Carlos Alonso

Soles de Mexicali
- Position: Assistant coach
- League: LNBP

Personal information
- Born: 19 December 1990 (age 35) Málaga Spain
- Coaching career: 2010–present

Career history

Coaching
- 2010–2017: Reserves teams of Baloncesto Málaga
- 2017–2018: Reserves teams of C.B. Palo
- 2019–2021: Link Lions Basketball
- 2022: Abejas de León (Assistant)
- 2023: Dorados de Chihuahua (Assistant)
- 2023: CD La Salle Melilla (Assistant)
- 2024–present: Fuerza Regia de Monterrey (women)
- 2025: Fuerza Regia de Monterrey (Assistant)
- 2026–present: Soles de Mexicali (Assistant)

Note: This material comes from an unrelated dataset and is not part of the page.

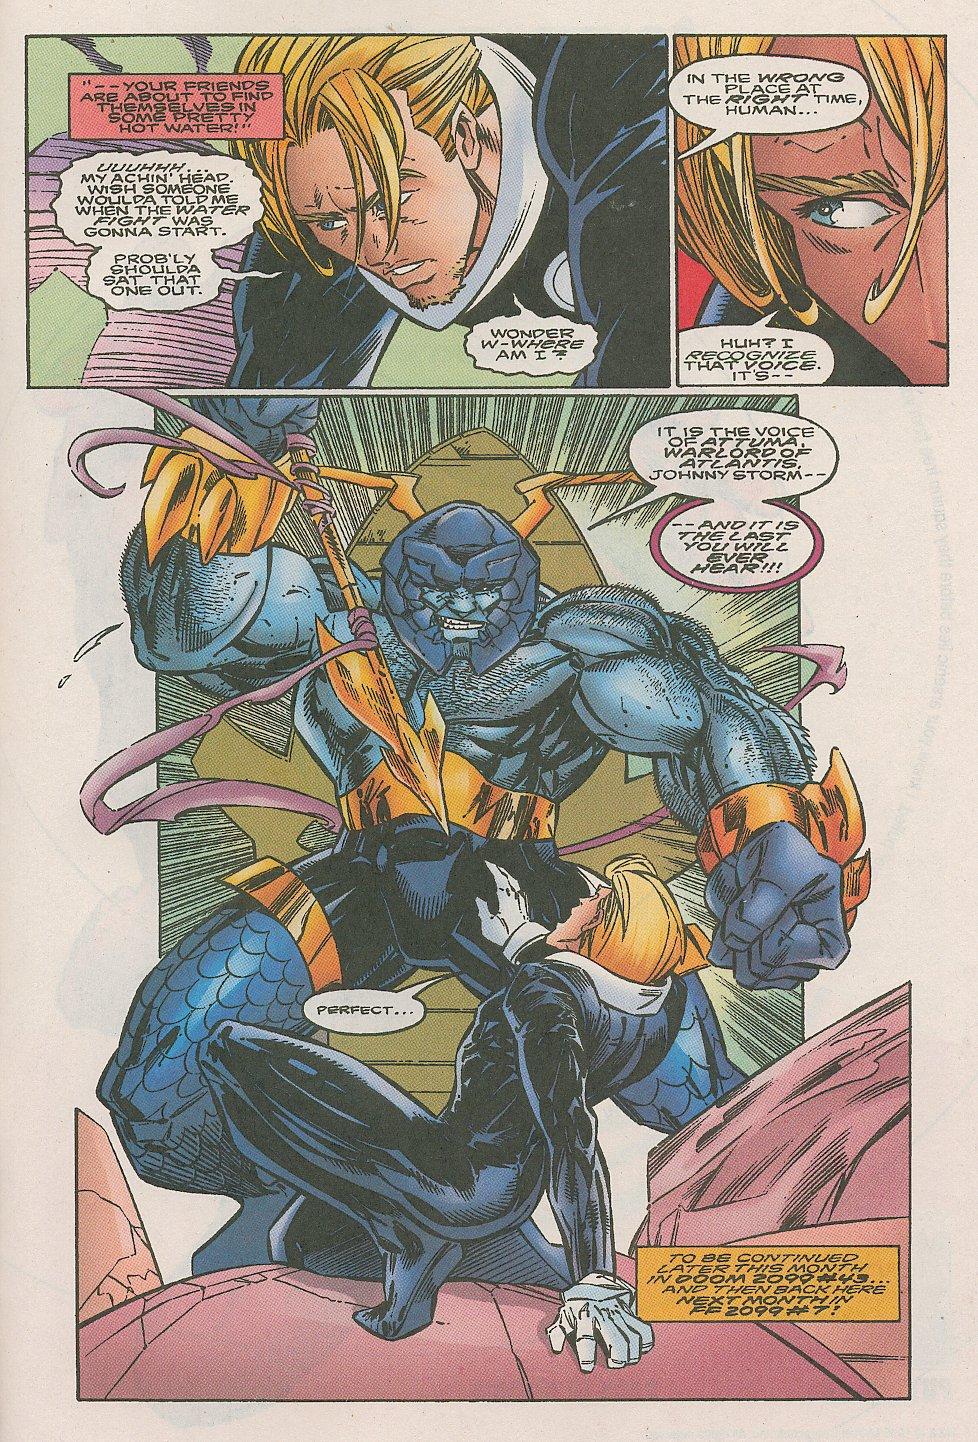 Fantastic Four 2099 6 Page 24

= Carlos Alonso (basketball coach) =

Spanish basketball coach

Carlos Alonso (born 19 December 1990) is a Spanish basketball coach. He is the head coach of the Fuerza Regia de Monterrey (women).

==Coaching career==
Alonso started his coaching career in 2010 with the reserves teams of Baloncesto Málaga. In the 2022 season, he joined the staff of Abejas de León winning the championship season. The next season, he joined the staff of Club Deportivo La Salle Melilla. On 2024, Alonso signed with the Fuerza Regia de Monterrey (women) of Liga Nacional de Baloncesto Profesional Femenil winning the championship of the 2024 season. In 2025, Alonso joined the staff of Fuerza Regia de Monterrey of Liga Nacional de Baloncesto Profesional.